My colleagues will openly talk about Engagement, its place within educating complex young people and how we need to prioritise this when moving forward. The recent recommendations in the Rochford Review placed Engagement as a key principle in assessing ‘the needs of students’ with Special Educational Needs.

I was a Research Assistant on the original DfE funded CLDD research project (Carpenter et al., 2011) and have passionately believed in engagement since those days of discovery. After the project had finished I began my teacher training and now as a teacher in a special school in Handsworth, Birmingham, engagement feels so much more important; an integral part of how I practise as a teacher. It is that feeling of knowing you have ‘got’ that young person ready to learn, ready to accept and adapt to all and any pedagogies you have available to you. To bring them kicking and screaming – sometimes (!) – on a journey of learning.

I have always felt that engaging practice should aim to enable our young people to become responsible and caring citizens who can contribute to the school and the wider global community. Having worked in both primary, secondary and further education I have seen the prospects and opportunities that can face our people with complex needs after they leave school.  Disability services are not well co-ordinated in the Community, and the options/funding are reducing rapidly. What drives me in my educational career is to increase aspiration for everyone I support, and I truly believe that starts by increasing and enabling engagement in the child.

In the last academic year (2016/17) my class was a group of Year 1 and Year 2 students with Autism and learning difficulties, each with their own complex needs and a distinct lack of engagement. We knew that with the correct responsive curriculum, sensory interventions, routine and visual supports, we could begin to meet the demands and expectations of our young people and teach them. And for the majority it worked.

However, there was one little boy that really stretched our capabilities. He was definitely the ‘staff room’ child; I sat down for 5 minutes most lunchtimes and looked to my colleagues for advice as I described yet another scenario where I had felt completely deskilled as a professional. I knew this boy had it in him to make real progress – I had seen the glimpses – I had that ‘gut feeling’.

After one particular day where I had again failed to breakthrough to him, I sat down and began to ponder on the ways he engaged. This led me to transfer my random thoughts onto an Engagement Profile by way of developing a map of where he engaged and where he didn’t!

A TA that had been allocated as a 1:1 support to this young man, then sat with me and together we began to paint his Engagement Story. Throughout his time in the class we had begun to get to know him; to see his high interest activities (in his case posting items into small gaps). This was what engaged him most and in these situations, he would tolerate direction and learning. Our first step was to identify a lesson where we could integrate this high interest activity of posting, and begin to intervene, gently shaping his learning.

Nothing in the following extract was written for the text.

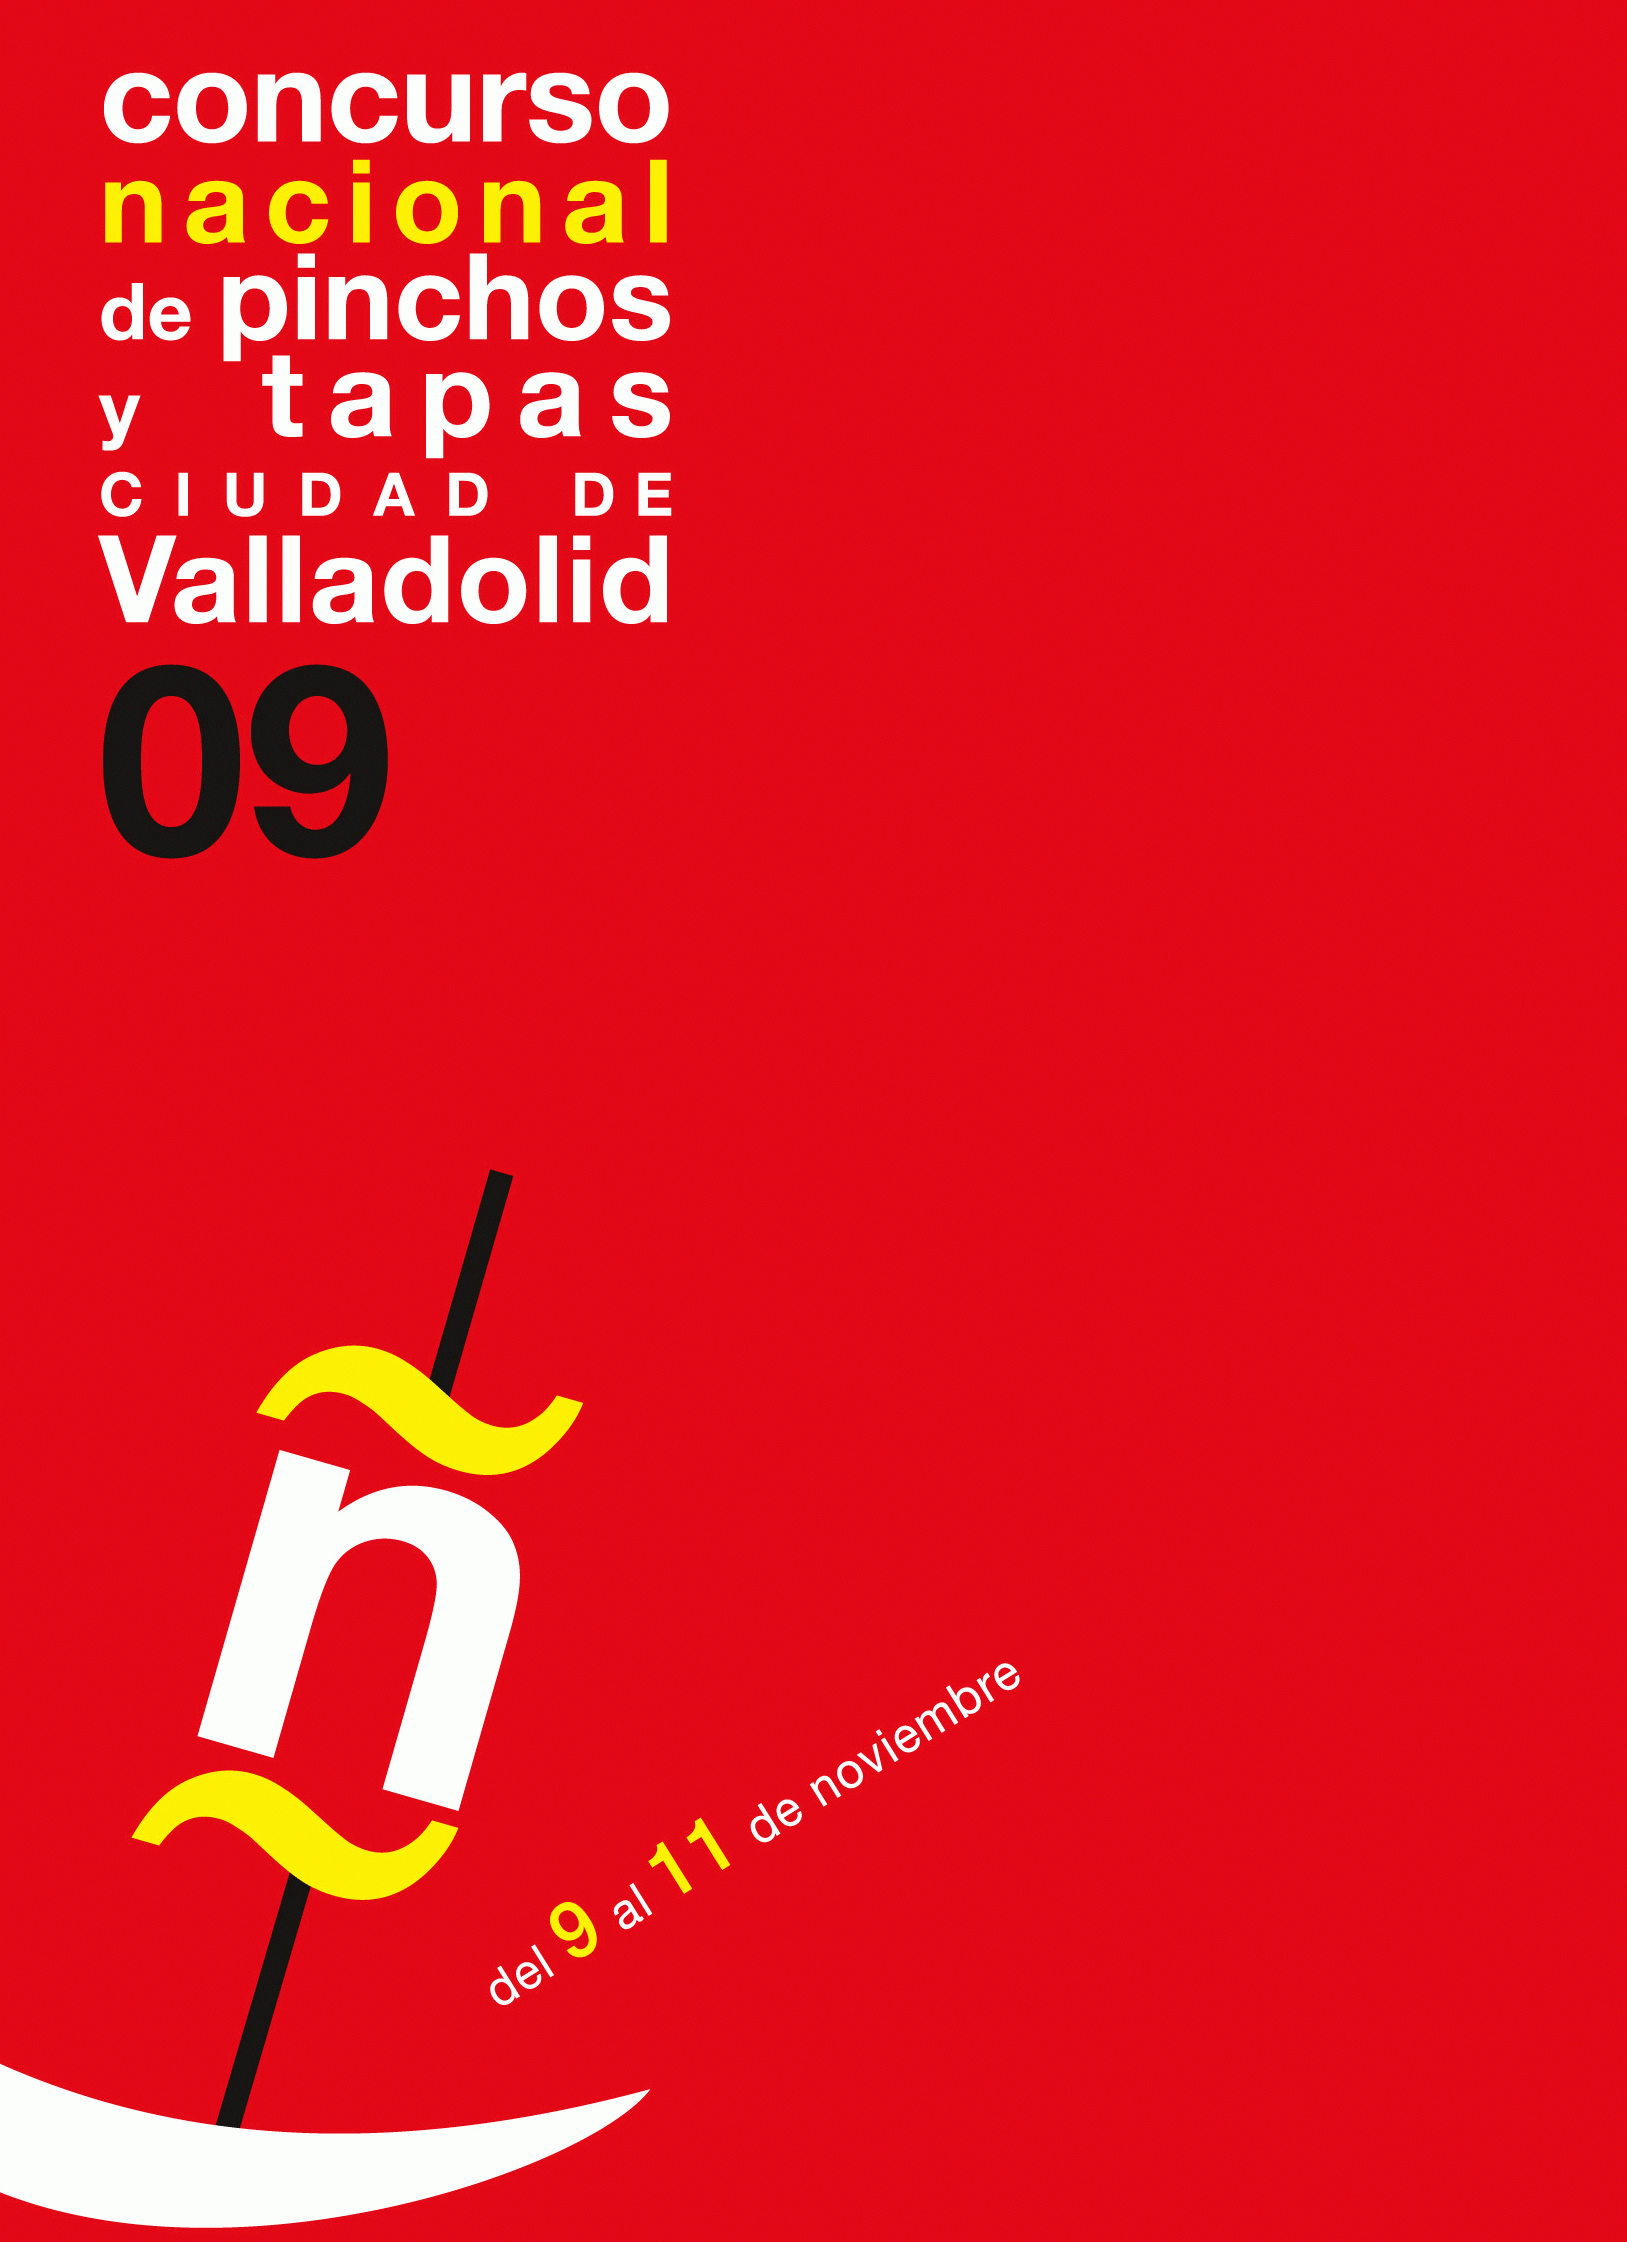 V Concurso Nacional de Pinchos y Tapas "Ciudad de Valladolid"

It felt so child centred. It felt intuitive. Every intervention we tried would start from here and then be generalised into other lessons.

We began with sensory movement breaks, using a small trampette and deep pressure. We then used elements of the TEACCH approach so every expectation was visual, short and functional. Incorporating posting into all of his lessons and work tasks really increased his learning to learn skills. We were beginning to reach him, unlock him. In some ways we weren’t reinventing the wheel; we were intervening lesson by lesson and rating the impact it had on his curiosity, anticipation persistence etc; the 7 indicators of Engagement now termed the 7 Aspects of Engagement in the Rochford review. Systematically, we were recording it on the Engagement Scale.

Although by Christmas he had not made the appropriate progress on the P levels assessment he had on the Engagement Scale. As we had used the Engagement Profile and Scale we could show this and had unequivocal evidence. We had recorded his journey. We had written a further chapter in his Engagement Story.

By Easter we were seeing progress in his engagement and his assessment data. The journey we had been on with him was rolled out to all his lessons and to all other settings. But for me the most important part of his journey was sharing this with his family. Sharing P level assessments on parents evening can sometimes be hard to translate, but being able to show a visual graph of where their child had been and where he was now, and explain step by step the Story that had unfolded, was exciting for all of us.

Someone once told me that working with complex children is a privilege because you learn something new every day. I have definitely learnt that children with complex SEND need to be taught in ways that match their individual learning styles by educators who recognise their abilities and potential for learning. I feel our work as educational practitioners must be to transform children with complex needs into active learners by releasing their motivation, unlocking their curiosity and preparing them for life by increasing and using their own individual ways of engagement – to tell their Engagement Story.

In September this year, all of my students will have Engagement Stories, charting their journeys as active, creative learners, and I cannot wait to share these Stories with more families.